You may already have learned or heard about or even hardly experienced that flashback-logs may be purged from the recovery-area in favour of archived-redo-logs, rendering your configured flashback-retention-time (DB_FLASHBACK_RETENTION_TARGET) a value of theory. So far, sizing the file-system recovery-area is a task to be performed in a clear-sighted manner. The same is true then for undo-before-images (compare to logs) und the undo-tablespace (compare to area) to accomodate enough data to meet your configured undo-retention-time (UNDO_RETENTION) in UNDO_MANAGEMENT=AUTO mode, while in addition still support long running workload queries (not to overwrite old undo). This article discusses the usability of the (enterprise-manager) undo-advisor in sizing your undo-tablespace to always foster successful flashback queries up to the configured undo-retention-time (as opposed to the nasty surprise of getting an ora-01555, see below, which is also misleading here, imho, in suggesting that the undo-tablespace is to small now, as we know it from workload queries – nope, it has been to small before now, in the past, as regarded to flashback queries – also see : ora-01555 snapshot too old when running flashback query).

select count(*) from that_table as of timestamp
  to_timestamp('09.08.2017 17:30:00','dd.mm.yyyy hh24:mi:ss');

Be notified, however, that there at first follows some introduction to the enterprise-manager undo-advisor page contents before we set sails for the practice know how and recommendations. Feel free to skip over to the next bold faced headline.

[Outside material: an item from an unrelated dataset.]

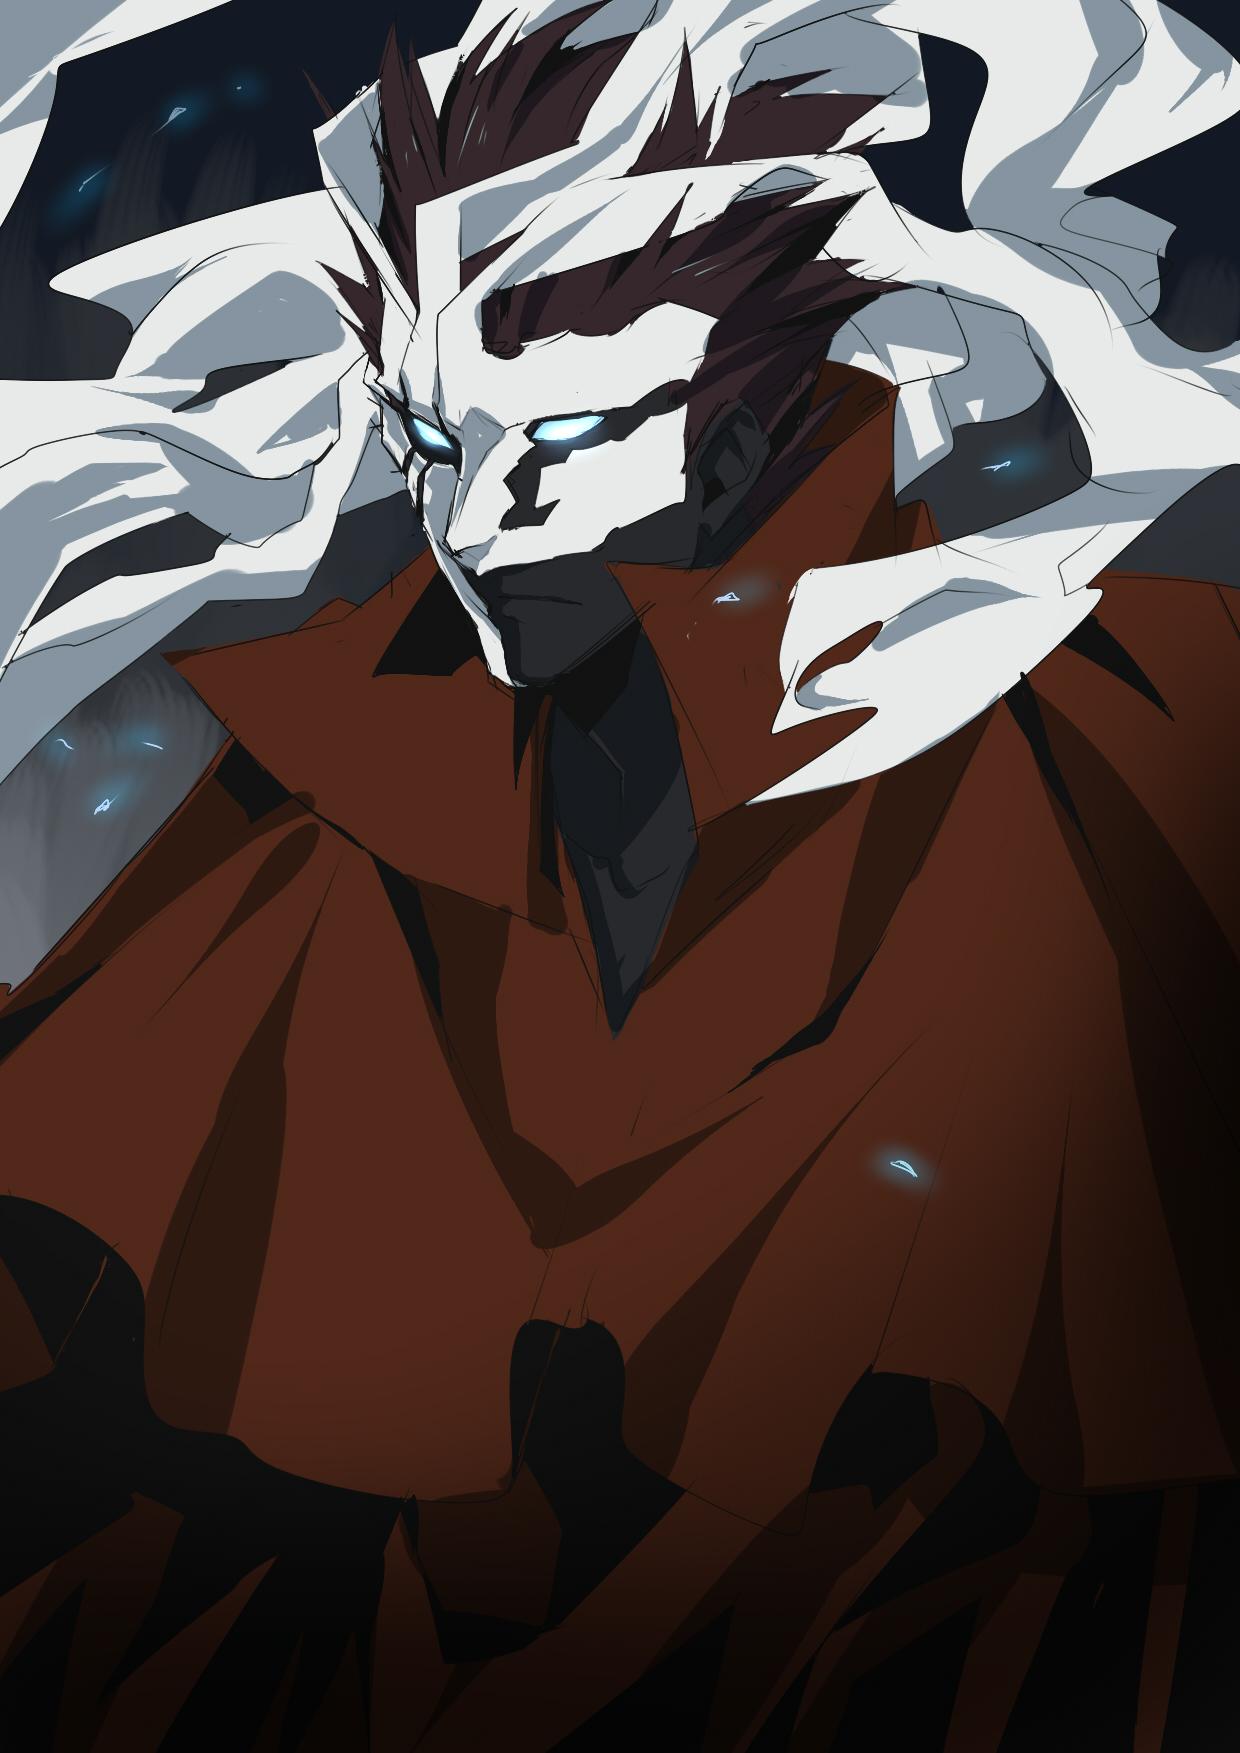 Ergo proxy (character), fanart zerochan anime image board.

enterprise-manager undo-advisor outline

Ok, this is where you go to enter the undo advisor pages.

Up here we have a general (analysis) and an activity subpage. On the general page, the current values for the undo-retention, the undo-tablespace size and the undo-tablespace entensibility are given. Following we have initial analysis results for an option #1 time range over the last seven days and regarding the longest workload query ever recorded within. The advisors recommendations comprise a minimum undo-tablespace size to meet the undo-retention setting and a proposed undo-tablespace size according to the past system load. In fact, since the current undo-tablespace size of the example is far below either the minimum and the proposed undo-tablespace size, a problem report has been included as well.

The general page also features a handy visual (chart) representation of the analysis that allows for a kind of a perspective view on the relationship between the undo-retention and the undo-tablespace size. One may determine whether the relationship is (mostly) linear or exponential, i.e. school math, you know. In addition, the lowest best-possible markup hint specifies the undo needed if only long running workload queries but no flashback queries is needed.

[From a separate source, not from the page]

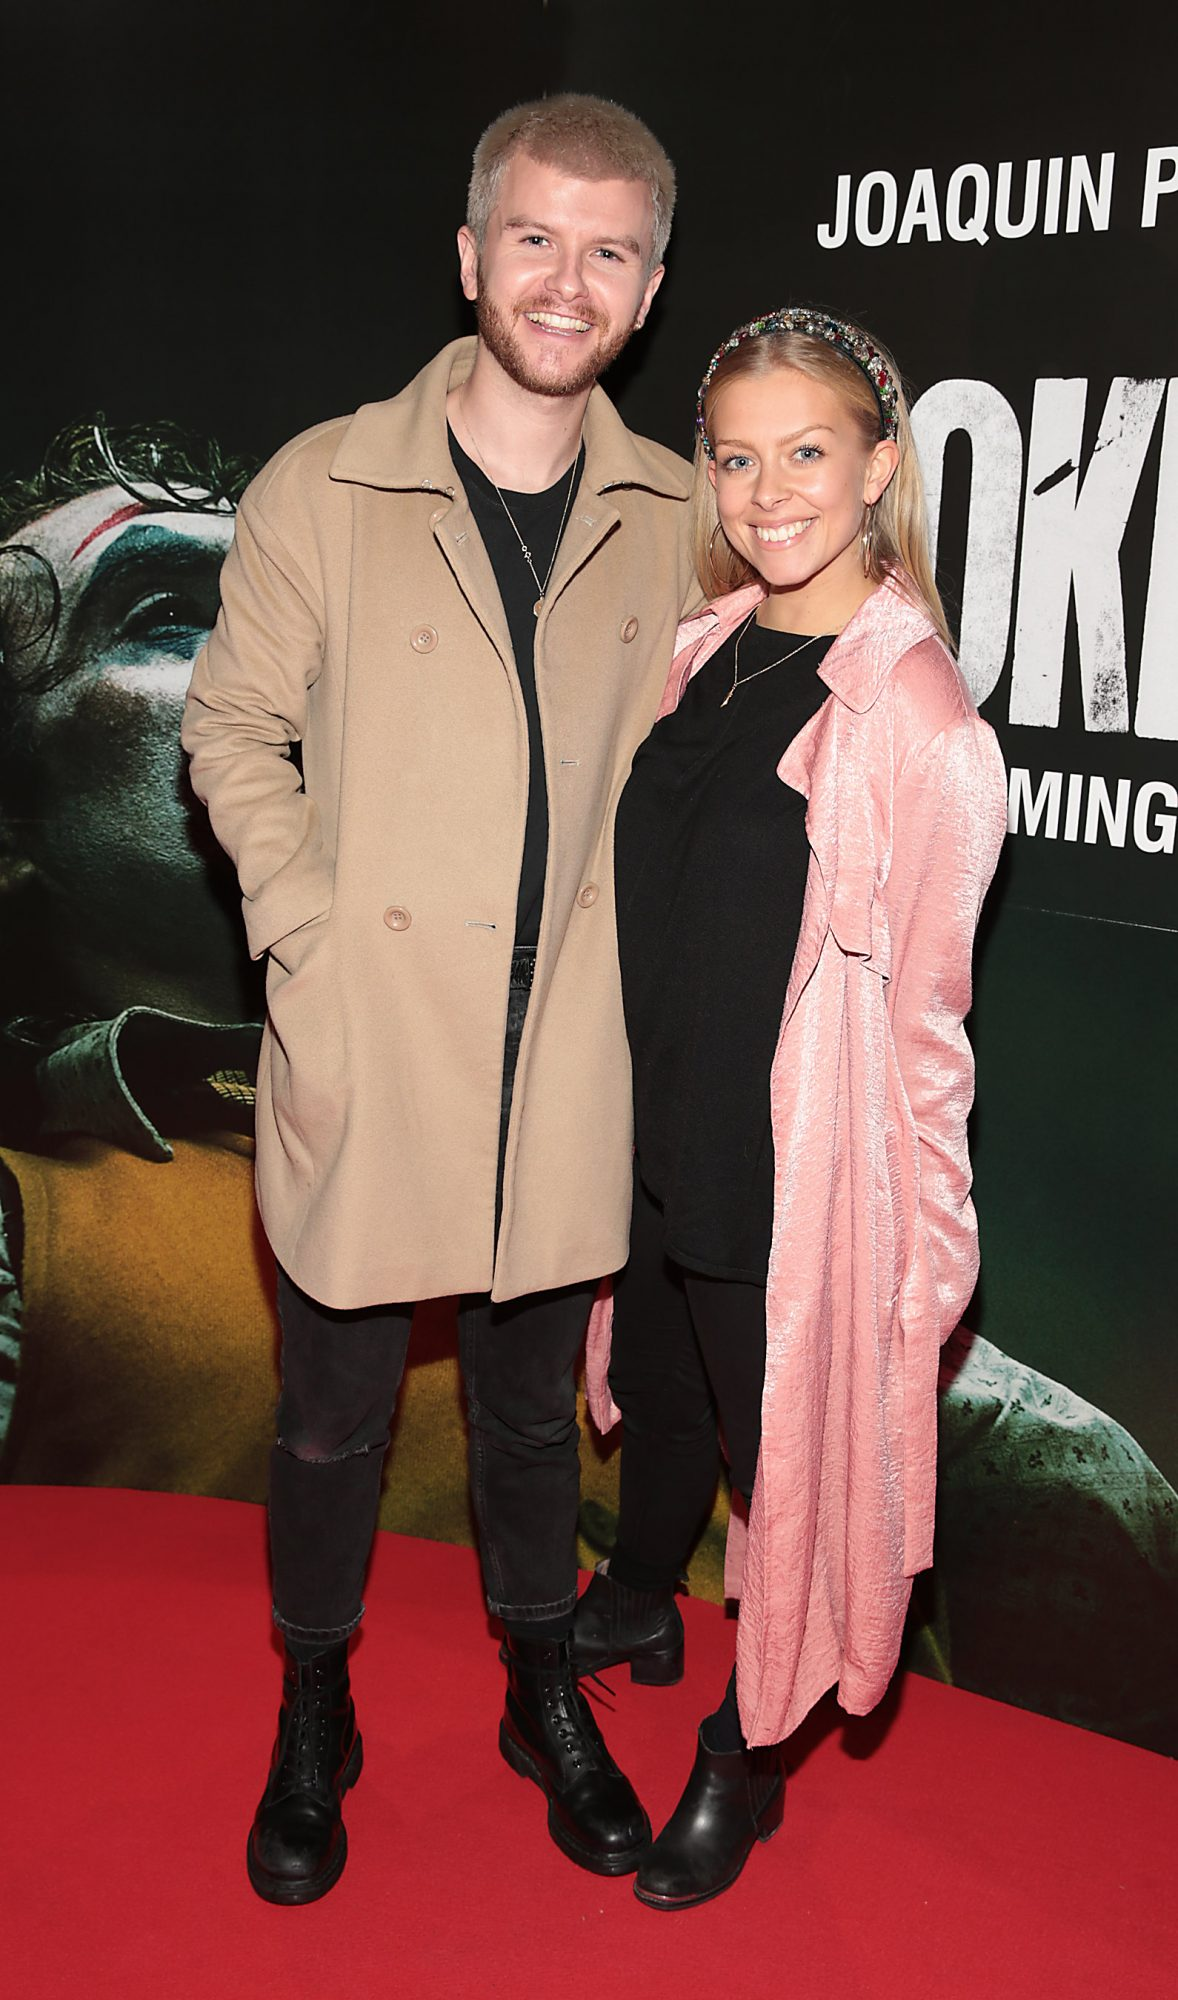 David Whelan and Ruth Devine at the Irish Premiere screening of Joker at Cineworld, Dublin. Pic: Brian McEvoy.

The initial analysis results on the general page (option #1 over seven days) are usually sufficient to figure out the magnitudes in question. Adapting the analysis time range to a lower value does not provide any sense, imho, and specifying a undo-retention value maually, which is option #2, is superfluous, since the relationship between undo-retention and undo-tablespace size has already been depicted in the chart discussed above, you just lookup the y = f(x), math again.

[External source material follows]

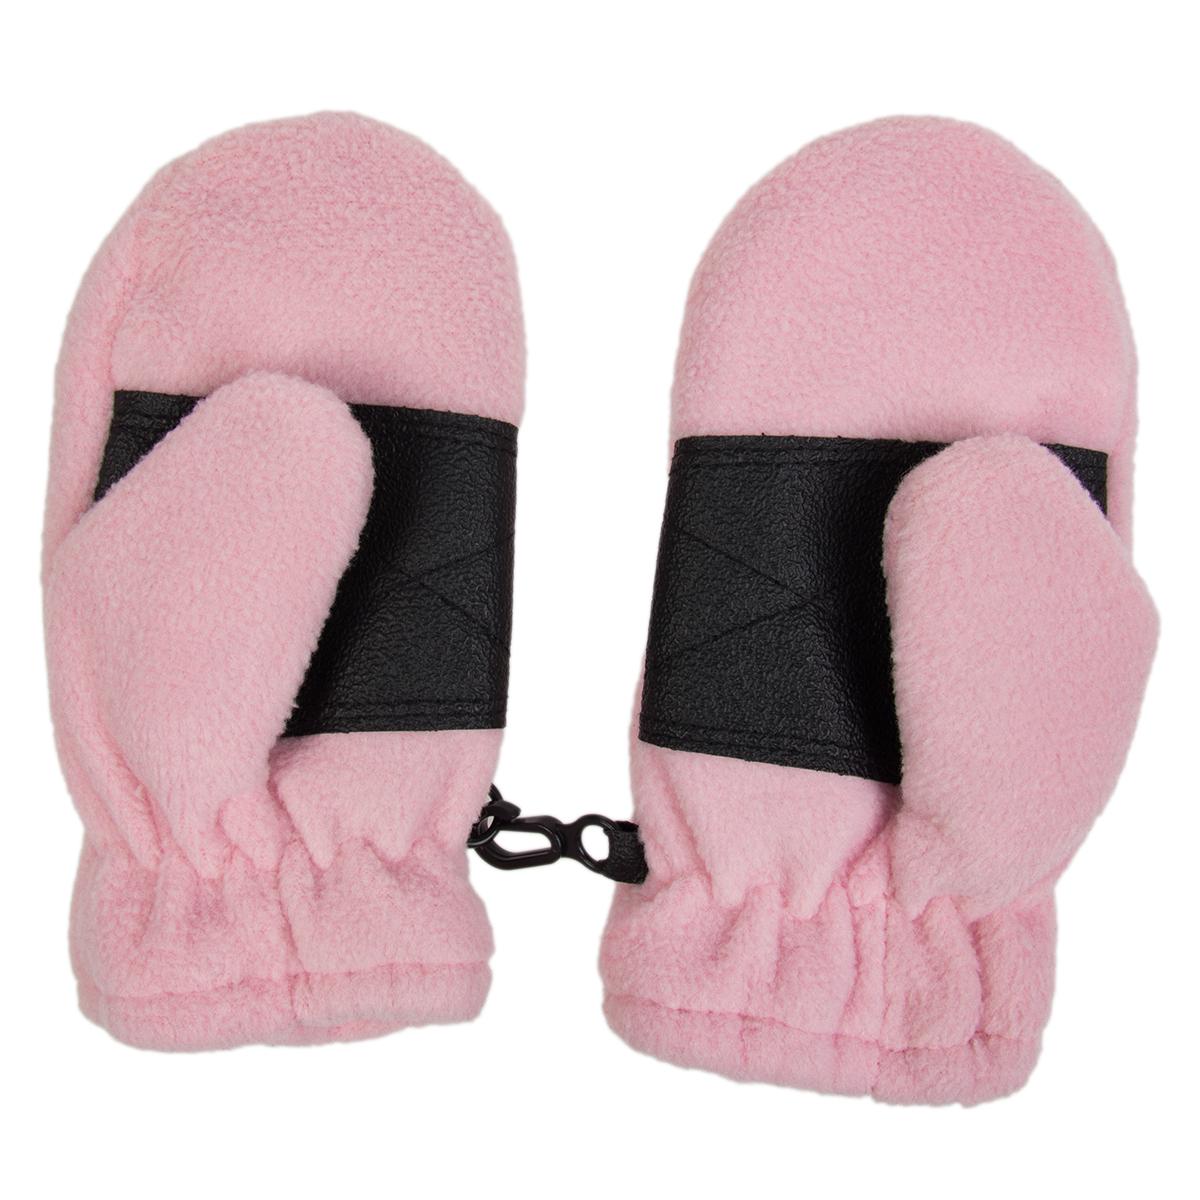 Toddler Fleece Insulated Mittens Boys Girls Clips Palm

However, the parameter space spanned by the longest workload query seen and the longest flashback query planned, options #1 and #2 of the analysis, is though not yet evident. This is where the the second subpage, the activity page comes into play. According to the time range selected on the general page, real numbers are provided for the the longest workload query, the average and the maximum undo-rate as well as any occurences of ora-01555.

Another chart section visualizes the activity statistics, where chart #1 illustrates, as for the example, that (current) workload queries occupy only a very small share of the undo as compared to (potential) flashback queries. If you recently raised your undo-retention parameter or enlarged your undo-tablespace, the yellow area usally shows up as growing to accomodate history undo.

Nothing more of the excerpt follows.